═══ Materials provided ═══
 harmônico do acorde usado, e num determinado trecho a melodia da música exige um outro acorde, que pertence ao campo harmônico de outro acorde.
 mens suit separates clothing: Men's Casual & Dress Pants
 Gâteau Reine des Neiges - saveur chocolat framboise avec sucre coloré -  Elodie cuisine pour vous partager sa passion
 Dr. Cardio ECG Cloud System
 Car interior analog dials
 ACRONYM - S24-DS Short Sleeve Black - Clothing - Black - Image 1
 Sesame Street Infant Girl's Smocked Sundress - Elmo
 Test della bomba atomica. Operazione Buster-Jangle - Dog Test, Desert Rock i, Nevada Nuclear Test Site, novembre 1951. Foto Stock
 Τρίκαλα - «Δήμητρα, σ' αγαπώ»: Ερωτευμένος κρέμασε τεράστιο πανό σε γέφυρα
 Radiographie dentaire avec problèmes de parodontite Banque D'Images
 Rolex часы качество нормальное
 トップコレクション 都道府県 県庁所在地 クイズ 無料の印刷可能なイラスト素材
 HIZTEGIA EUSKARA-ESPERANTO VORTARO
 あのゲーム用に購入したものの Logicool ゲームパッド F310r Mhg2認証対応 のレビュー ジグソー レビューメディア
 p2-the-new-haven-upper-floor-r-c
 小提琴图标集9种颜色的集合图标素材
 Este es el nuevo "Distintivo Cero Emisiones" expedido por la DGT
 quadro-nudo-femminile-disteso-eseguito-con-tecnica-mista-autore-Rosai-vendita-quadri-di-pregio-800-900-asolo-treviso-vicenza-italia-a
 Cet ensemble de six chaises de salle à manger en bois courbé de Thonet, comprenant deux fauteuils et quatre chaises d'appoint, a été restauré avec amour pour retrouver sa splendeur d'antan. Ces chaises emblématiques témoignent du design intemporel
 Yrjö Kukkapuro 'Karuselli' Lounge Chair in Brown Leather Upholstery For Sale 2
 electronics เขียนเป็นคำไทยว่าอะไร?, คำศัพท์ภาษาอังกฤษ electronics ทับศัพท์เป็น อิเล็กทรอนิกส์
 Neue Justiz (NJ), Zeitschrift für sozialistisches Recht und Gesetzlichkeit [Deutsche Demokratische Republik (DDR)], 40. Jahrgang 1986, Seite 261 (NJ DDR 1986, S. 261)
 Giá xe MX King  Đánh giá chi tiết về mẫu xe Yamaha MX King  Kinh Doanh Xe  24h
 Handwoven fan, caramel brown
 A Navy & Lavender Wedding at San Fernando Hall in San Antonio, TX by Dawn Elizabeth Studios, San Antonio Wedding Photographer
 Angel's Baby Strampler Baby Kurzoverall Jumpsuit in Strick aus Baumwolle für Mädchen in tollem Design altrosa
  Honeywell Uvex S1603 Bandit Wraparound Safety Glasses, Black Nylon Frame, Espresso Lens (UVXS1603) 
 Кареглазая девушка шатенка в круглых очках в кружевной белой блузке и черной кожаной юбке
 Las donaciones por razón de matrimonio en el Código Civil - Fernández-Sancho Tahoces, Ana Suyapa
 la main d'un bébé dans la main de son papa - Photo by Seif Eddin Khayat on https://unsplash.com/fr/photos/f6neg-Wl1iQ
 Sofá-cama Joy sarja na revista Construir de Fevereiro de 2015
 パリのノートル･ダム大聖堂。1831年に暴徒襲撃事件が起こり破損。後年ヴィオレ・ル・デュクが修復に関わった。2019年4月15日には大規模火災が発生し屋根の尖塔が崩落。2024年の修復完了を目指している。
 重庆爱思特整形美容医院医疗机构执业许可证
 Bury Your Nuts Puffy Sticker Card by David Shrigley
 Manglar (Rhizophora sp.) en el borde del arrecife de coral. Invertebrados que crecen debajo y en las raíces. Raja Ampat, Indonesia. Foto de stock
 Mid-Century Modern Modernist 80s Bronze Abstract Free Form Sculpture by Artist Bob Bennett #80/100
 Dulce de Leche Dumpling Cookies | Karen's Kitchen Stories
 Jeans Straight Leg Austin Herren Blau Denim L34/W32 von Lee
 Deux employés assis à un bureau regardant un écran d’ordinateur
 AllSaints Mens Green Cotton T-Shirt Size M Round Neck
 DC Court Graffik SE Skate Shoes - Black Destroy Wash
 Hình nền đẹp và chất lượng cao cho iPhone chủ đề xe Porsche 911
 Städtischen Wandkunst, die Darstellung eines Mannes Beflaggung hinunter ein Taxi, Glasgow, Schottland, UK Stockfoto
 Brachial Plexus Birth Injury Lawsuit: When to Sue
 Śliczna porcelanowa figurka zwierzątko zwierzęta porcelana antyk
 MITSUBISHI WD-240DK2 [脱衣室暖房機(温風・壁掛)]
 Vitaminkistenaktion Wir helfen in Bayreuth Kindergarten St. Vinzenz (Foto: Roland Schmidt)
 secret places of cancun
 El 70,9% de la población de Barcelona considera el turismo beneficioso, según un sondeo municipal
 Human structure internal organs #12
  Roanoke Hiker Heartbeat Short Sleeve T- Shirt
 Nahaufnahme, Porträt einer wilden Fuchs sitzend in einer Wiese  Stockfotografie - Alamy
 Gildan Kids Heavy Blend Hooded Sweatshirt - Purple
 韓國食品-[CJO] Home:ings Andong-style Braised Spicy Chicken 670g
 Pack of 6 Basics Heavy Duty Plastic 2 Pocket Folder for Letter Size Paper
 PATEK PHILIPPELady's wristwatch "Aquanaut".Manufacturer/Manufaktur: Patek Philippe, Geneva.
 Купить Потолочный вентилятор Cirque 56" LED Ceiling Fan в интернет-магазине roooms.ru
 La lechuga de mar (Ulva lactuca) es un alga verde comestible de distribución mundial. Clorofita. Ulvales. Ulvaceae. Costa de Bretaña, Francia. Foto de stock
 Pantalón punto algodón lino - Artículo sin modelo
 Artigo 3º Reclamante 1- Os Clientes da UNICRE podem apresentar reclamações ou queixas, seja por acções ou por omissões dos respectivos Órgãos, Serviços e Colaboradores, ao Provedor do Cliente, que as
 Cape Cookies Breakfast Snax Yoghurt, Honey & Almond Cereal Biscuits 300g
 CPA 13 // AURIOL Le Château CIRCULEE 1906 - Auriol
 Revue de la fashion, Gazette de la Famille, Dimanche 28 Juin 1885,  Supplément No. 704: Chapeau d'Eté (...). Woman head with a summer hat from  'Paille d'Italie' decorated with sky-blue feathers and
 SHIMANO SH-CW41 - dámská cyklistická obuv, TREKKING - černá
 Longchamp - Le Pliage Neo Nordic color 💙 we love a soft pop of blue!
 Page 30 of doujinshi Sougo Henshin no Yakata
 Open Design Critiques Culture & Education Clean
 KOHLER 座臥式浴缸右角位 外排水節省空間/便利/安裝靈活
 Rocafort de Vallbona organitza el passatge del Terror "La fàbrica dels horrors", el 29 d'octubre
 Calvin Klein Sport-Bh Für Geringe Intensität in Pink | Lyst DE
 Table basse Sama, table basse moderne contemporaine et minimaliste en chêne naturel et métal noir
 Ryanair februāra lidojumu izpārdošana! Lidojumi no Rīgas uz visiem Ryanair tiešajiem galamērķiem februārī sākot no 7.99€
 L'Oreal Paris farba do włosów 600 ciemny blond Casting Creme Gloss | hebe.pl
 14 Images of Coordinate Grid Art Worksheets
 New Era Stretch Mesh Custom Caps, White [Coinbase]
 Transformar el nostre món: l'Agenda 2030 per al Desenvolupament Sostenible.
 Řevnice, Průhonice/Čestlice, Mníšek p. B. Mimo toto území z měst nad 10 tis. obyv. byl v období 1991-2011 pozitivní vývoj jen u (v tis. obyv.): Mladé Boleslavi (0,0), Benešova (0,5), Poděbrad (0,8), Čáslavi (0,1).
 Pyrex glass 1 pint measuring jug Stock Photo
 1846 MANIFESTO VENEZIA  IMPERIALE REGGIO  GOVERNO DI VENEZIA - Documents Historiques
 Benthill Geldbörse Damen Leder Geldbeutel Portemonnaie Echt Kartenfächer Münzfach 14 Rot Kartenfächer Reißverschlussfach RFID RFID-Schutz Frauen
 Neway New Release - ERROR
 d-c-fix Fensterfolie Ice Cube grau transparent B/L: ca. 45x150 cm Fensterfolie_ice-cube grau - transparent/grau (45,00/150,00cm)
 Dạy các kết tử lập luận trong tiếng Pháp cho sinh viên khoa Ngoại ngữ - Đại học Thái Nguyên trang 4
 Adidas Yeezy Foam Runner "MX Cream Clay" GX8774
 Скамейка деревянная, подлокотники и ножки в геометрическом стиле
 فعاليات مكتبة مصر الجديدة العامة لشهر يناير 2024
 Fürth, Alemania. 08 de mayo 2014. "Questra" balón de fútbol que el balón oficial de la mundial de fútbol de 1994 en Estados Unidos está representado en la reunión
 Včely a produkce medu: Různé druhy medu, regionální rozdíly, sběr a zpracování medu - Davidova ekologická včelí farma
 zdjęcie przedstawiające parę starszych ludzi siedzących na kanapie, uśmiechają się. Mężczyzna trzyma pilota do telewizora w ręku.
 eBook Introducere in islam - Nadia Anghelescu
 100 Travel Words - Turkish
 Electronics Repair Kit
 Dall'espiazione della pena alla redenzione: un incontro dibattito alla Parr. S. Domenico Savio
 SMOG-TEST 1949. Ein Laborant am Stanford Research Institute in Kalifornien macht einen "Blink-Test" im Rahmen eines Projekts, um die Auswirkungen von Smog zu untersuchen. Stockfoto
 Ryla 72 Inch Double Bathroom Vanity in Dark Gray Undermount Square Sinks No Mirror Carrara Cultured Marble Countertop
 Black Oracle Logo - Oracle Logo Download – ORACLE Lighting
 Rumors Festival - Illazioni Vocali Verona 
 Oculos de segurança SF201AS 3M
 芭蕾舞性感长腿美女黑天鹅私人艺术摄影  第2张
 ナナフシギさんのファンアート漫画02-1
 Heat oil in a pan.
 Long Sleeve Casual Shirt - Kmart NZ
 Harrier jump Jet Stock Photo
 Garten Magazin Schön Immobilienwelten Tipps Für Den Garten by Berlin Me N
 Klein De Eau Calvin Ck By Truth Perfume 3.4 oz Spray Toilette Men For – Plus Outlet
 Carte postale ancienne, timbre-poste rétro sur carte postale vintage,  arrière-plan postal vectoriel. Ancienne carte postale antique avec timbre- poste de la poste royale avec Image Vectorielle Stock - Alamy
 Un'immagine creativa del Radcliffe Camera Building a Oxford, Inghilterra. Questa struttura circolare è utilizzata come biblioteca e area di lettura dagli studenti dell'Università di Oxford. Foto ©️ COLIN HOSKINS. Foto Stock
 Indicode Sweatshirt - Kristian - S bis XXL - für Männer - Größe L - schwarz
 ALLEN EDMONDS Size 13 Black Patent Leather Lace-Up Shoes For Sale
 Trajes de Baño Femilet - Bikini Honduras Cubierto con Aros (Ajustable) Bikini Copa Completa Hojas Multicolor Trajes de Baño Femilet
═══
**Problem requirements**
Begin with the line above that has "Nahaufnahme, Porträt einer" and continue through the line that has "Cape Cookies Breakfast", setting each one down exactly. Stop there.

**Exercise response**
 Nahaufnahme, Porträt einer wilden Fuchs sitzend in einer Wiese  Stockfotografie - Alamy
 Gildan Kids Heavy Blend Hooded Sweatshirt - Purple
 韓國食品-[CJO] Home:ings Andong-style Braised Spicy Chicken 670g
 Pack of 6 Basics Heavy Duty Plastic 2 Pocket Folder for Letter Size Paper
 PATEK PHILIPPELady's wristwatch "Aquanaut".Manufacturer/Manufaktur: Patek Philippe, Geneva.
 Купить Потолочный вентилятор Cirque 56" LED Ceiling Fan в интернет-магазине roooms.ru
 La lechuga de mar (Ulva lactuca) es un alga verde comestible de distribución mundial. Clorofita. Ulvales. Ulvaceae. Costa de Bretaña, Francia. Foto de stock
 Pantalón punto algodón lino - Artículo sin modelo
 Artigo 3º Reclamante 1- Os Clientes da UNICRE podem apresentar reclamações ou queixas, seja por acções ou por omissões dos respectivos Órgãos, Serviços e Colaboradores, ao Provedor do Cliente, que as
 Cape Cookies Breakfast Snax Yoghurt, Honey & Almond Cereal Biscuits 300g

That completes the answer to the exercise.